Showing posts with label marauder. Show all posts
Showing posts with label marauder. Show all posts

Thursday, August 5, 2021

3D Art: Portfolio Three Week Four

 My Suffering Is Over

I finished sculpting the transformer for now. I would've liked to get into the really fine details but I couldn't swing it within 2-3 days, so the legs are a little simplified.



After wrestling with Zremesher, I ended up still getting errors when I went to unwrap my UVs, so I had to export my mid-res into Maya and automatically unwrap my UVs there. When I did a test bake with the torso last week, the textures were really low-res when everything was sharing a 4096x4096 texture, so I split everything up into eight texture sets.



It seemed to work and the textures turned out better this time. Because the sculpting took me so long the textures totally have the "Substance Painter" look since I didn't have time to tweak with them too much beyond making ID maps.



It is cool to be able to have this 3.4 million tri model in engine and it run fine, although it did take a minute for it to process the fbx.


My biggest hurdle and takeaway from the process has been how much planning needs to go into the UVs, because if you kind of wing it (like I did) it creates a lot more work towards the end of the process.



Monday, August 2, 2021

3D Art: Portfolio Three Week Three

 New Tactic + Getting Pieces in Engine

I'm still behind, but at least wanted something textured and in engine by today. The torso is mostly done, the biggest problem being the UVs. I scrapped what I had originally because I hated how it was turning out, and using the Draw Polygon tool to draw each individual face was soul-sucking, and made adding depth to each piece kind of a challenge.

My new plan was to make a relatively simple mesh that got the proportions and general silhouette of the robot, bring that into ZBrush, and extract the pieces I needed for the panels. I felt like I could get cleaner shapes this way.





My plan was to zRemesh these, using the polygroups to preserve the edges. The problem I ran into was that there were errors in the mesh that stopped zRemesher from working. This meant that I had to decimate the mesh before I could move forward, which means the topology isn't great and neither are the UVs. My mid-res mesh sits at 1.2 million polys.




I essentially have a little less than three days to get this ready for industry review. Since capstone and common art are ending tomorrow, I'm hopeful that if I dedicate all my time to finishing the legs and forearms I can have a more-or-less finished robot.

What I do have is in engine as nanite and seems to be working pretty well for being 1.2 million polys.

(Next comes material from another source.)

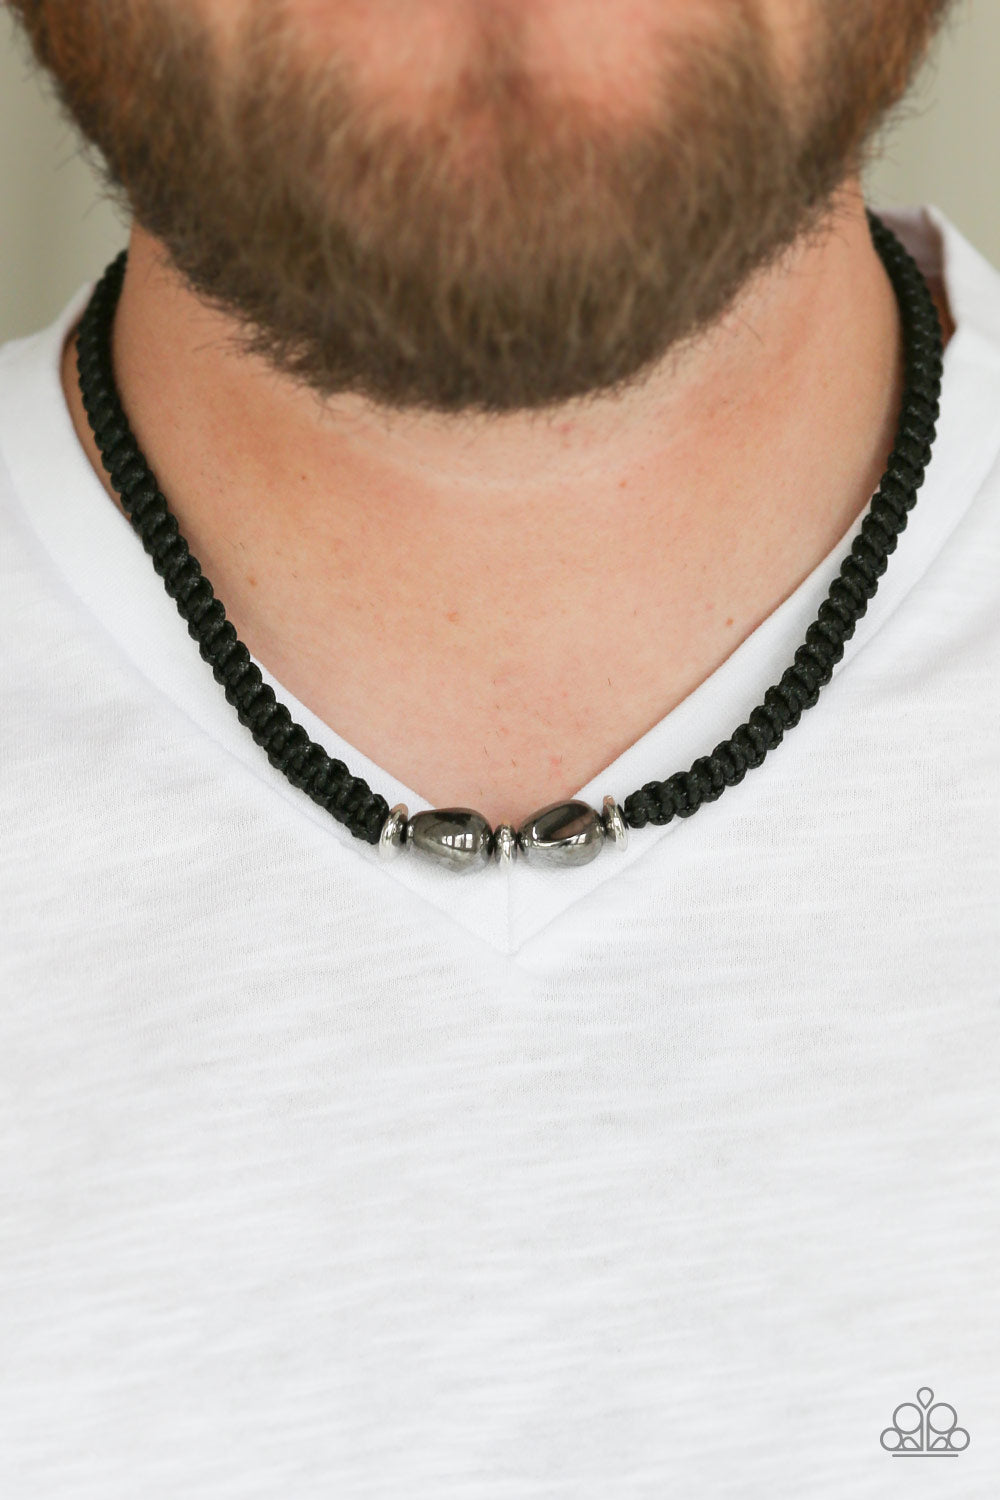 Paparazzi Urban Explorer - Silver - Gunmetal - Braided Cord - Urban Necklace - $5 Jewelry with Ashley Swint

I looked up the average height of a transformer, which was about 30 feet, so that's what scale I was basing this model off of.





Sunday, July 25, 2021

3D Art III: Portfolio Three Week Two

Modeling Continued

I'm still pretty far behind, since my goal was to have the box modeling in Maya done. I also still need to come up with what the back looks like, which I didn't consider enough when starting this project.

Hopefully this coming week I'll be able to dedicate more time to this project.




Sunday, July 18, 2021

3D Art III: Portfolio Three Week One

 Research and Beginning Modeling

Since the plan for this was to have my research component be the nanite meshes in UE5, I looked into it beginning this week. I wanted to make sure that anything that needed to be done to the mesh, I was keeping in mind during the entire process.

I read the documentation and watched several videos on nanites, the most helpful one being the talk that Epic gave about it themselves. I wanted to be able to texture it and wasn't sure how that would happen if I wasn't doing retopology. Their workflow is to use Quixel Mixer, which can handle the one million+ polygon models. I've also used Mari before which is used more in film pipelines, and read that that software can also handle more dense models, so that would be another option. The programs support vertex color, but I couldn't find if UE5 did, so I'm going to need UVs too. My plan is to get the smooth mesh preview to polygons in Maya, then auto-unwrap that, and then just not use dynamesh or decimate the model so that I can keep the UVs on the high-poly.

I've started on the torso and hope to have the base mesh done by next week. I've been using the polygon tool to make these different parts but I'm not sure if I need them to be one continuous surface or if I can get away with having tons of little pieces.












I tend to underestimate hard-surface stuff and I'm already a little behind because I wanted to have the torso done by this week.